I then rounded it a bit and smoothed it out with a sander, painted it, clear coated it, and put it back in
the jack. It fit perfect, of course.
I then tested it on the C7 lifting pucks attached to the car. It
worked perfectly. It held the C7 in the air with both wheels off
the ground about a foot. It did not break or slide.
Of course, no one should ever get under a jacked up car
without jack stands in place to hold the weight of the car on a
stable platform of four stands.
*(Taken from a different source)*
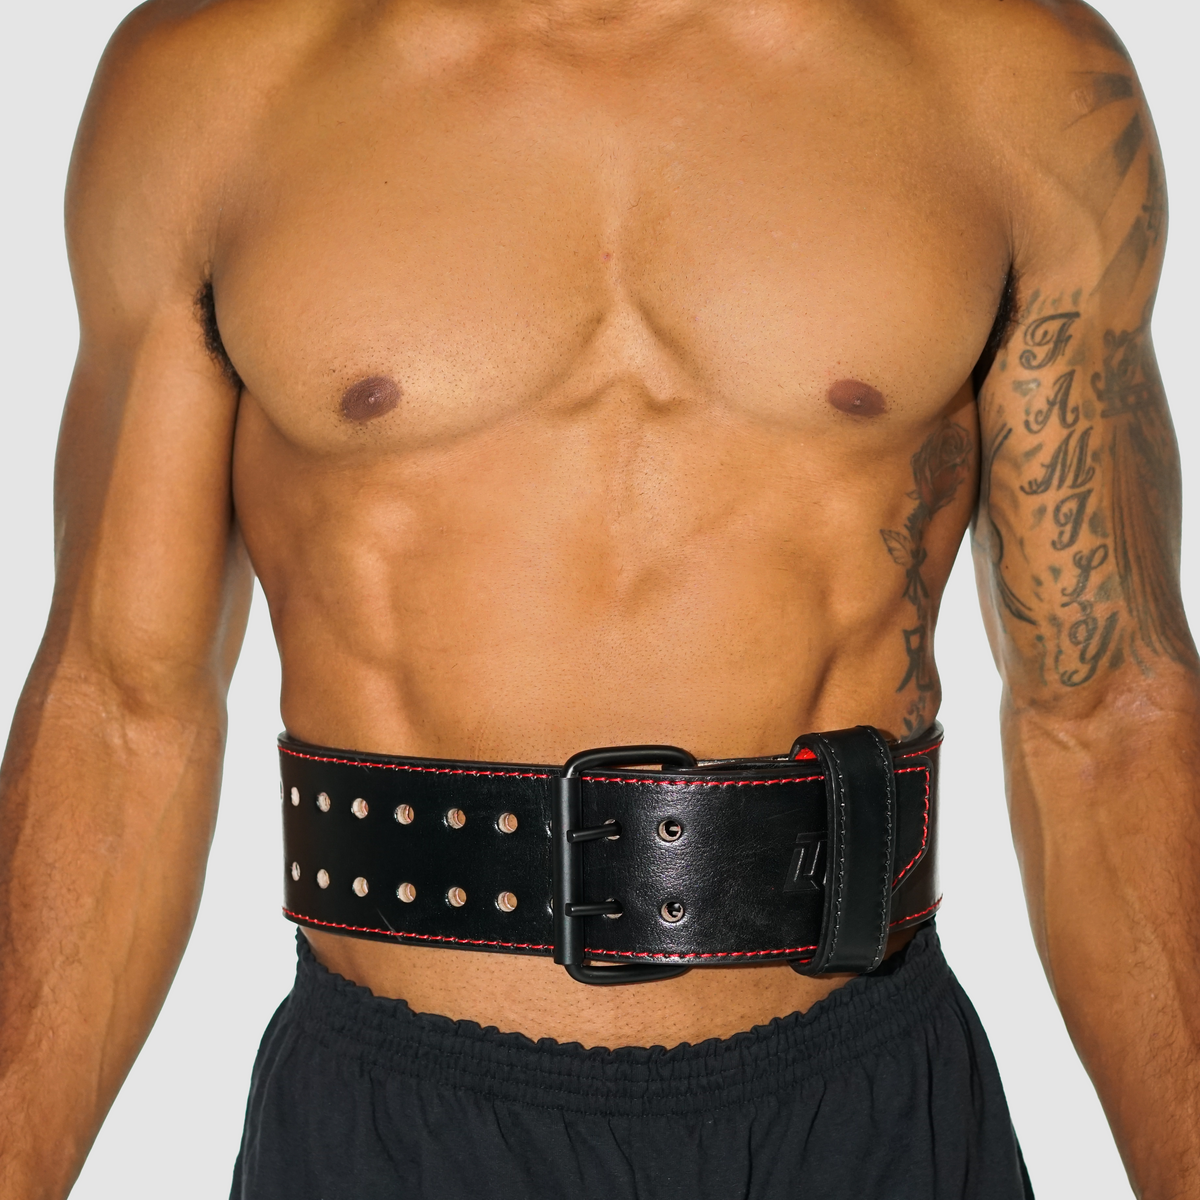 Leather Weight Lifting Belt for Men Gym Workout equipment sport accessories  NEW
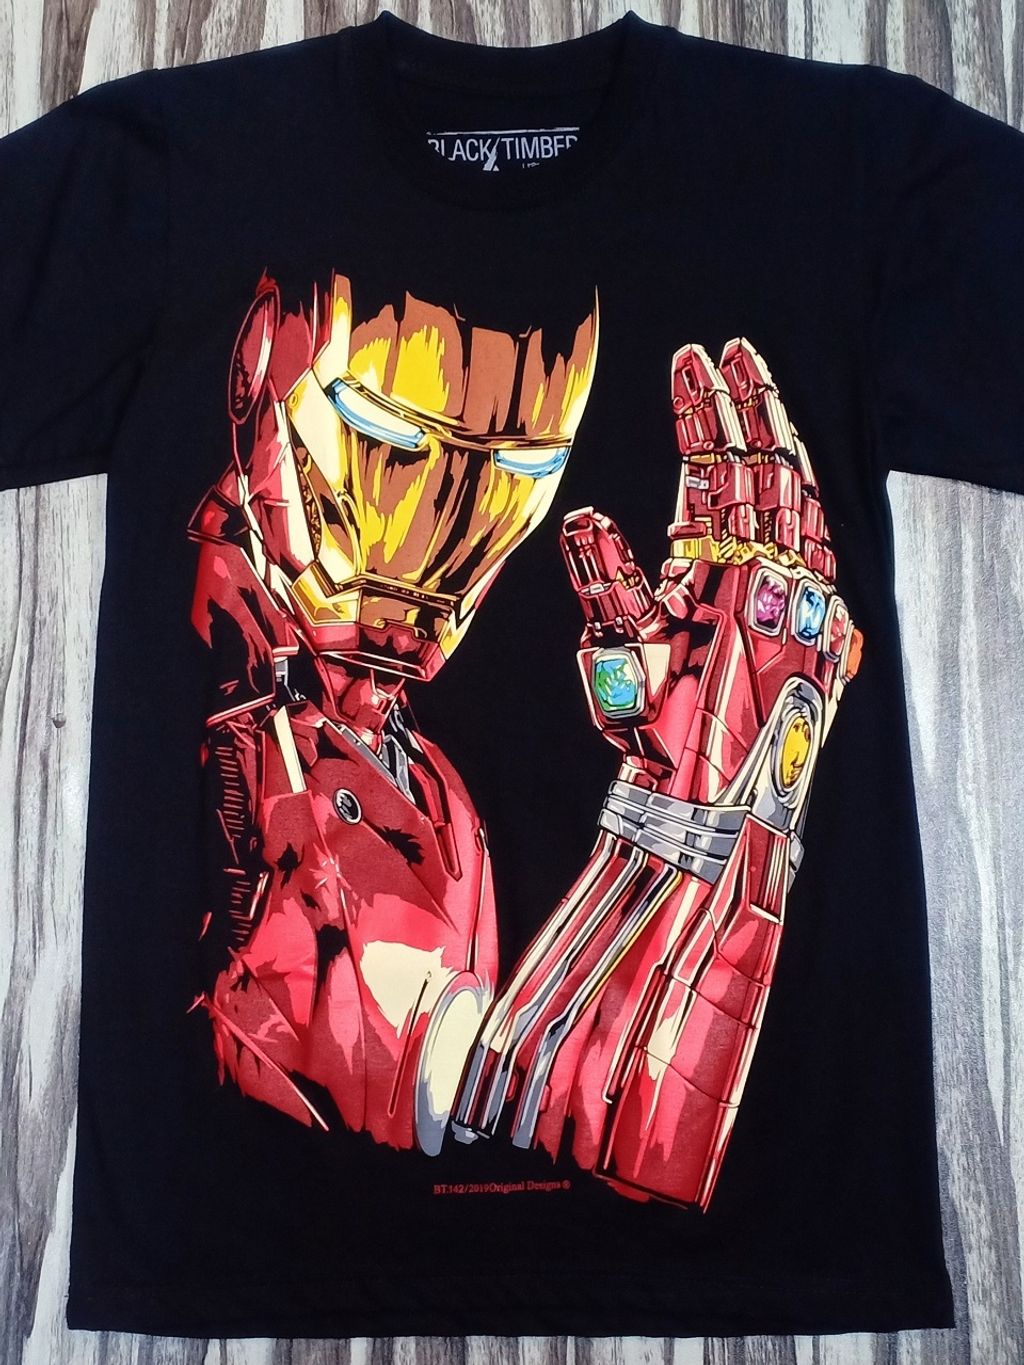 BT142 IRON MAN END MOAI NEW SCREEN SCREEN QUALITY SPEED SYSTEM QUALITY PREMIUM GAME GAUNTLET SILK UNIVERSE – TIMBER MARVEL T-SHIRT NANO BLACK SILK BLACK TYPE HIGH HIGH COTTON GRADE COLLECTABLE TIMBER

Had a high-school buddy die
that way when the car slipped off the jack.
But this approach allowed me to use my old floor jack and
have a removable molded epoxy part that converts the jack to
a C7 jack. And I just remove the coupling when I need to use
it on the truck or other cars that have a standard old-style frame.
A simple part that I made from epoxy is all that I needed to make a reliable older hydrolic floor wheeled
jack work on the C7 without risk of body damage.
I am putting this on the forum to share this idea with others. I assume no responsibility for the idea or
its application. That is, use at your own risk.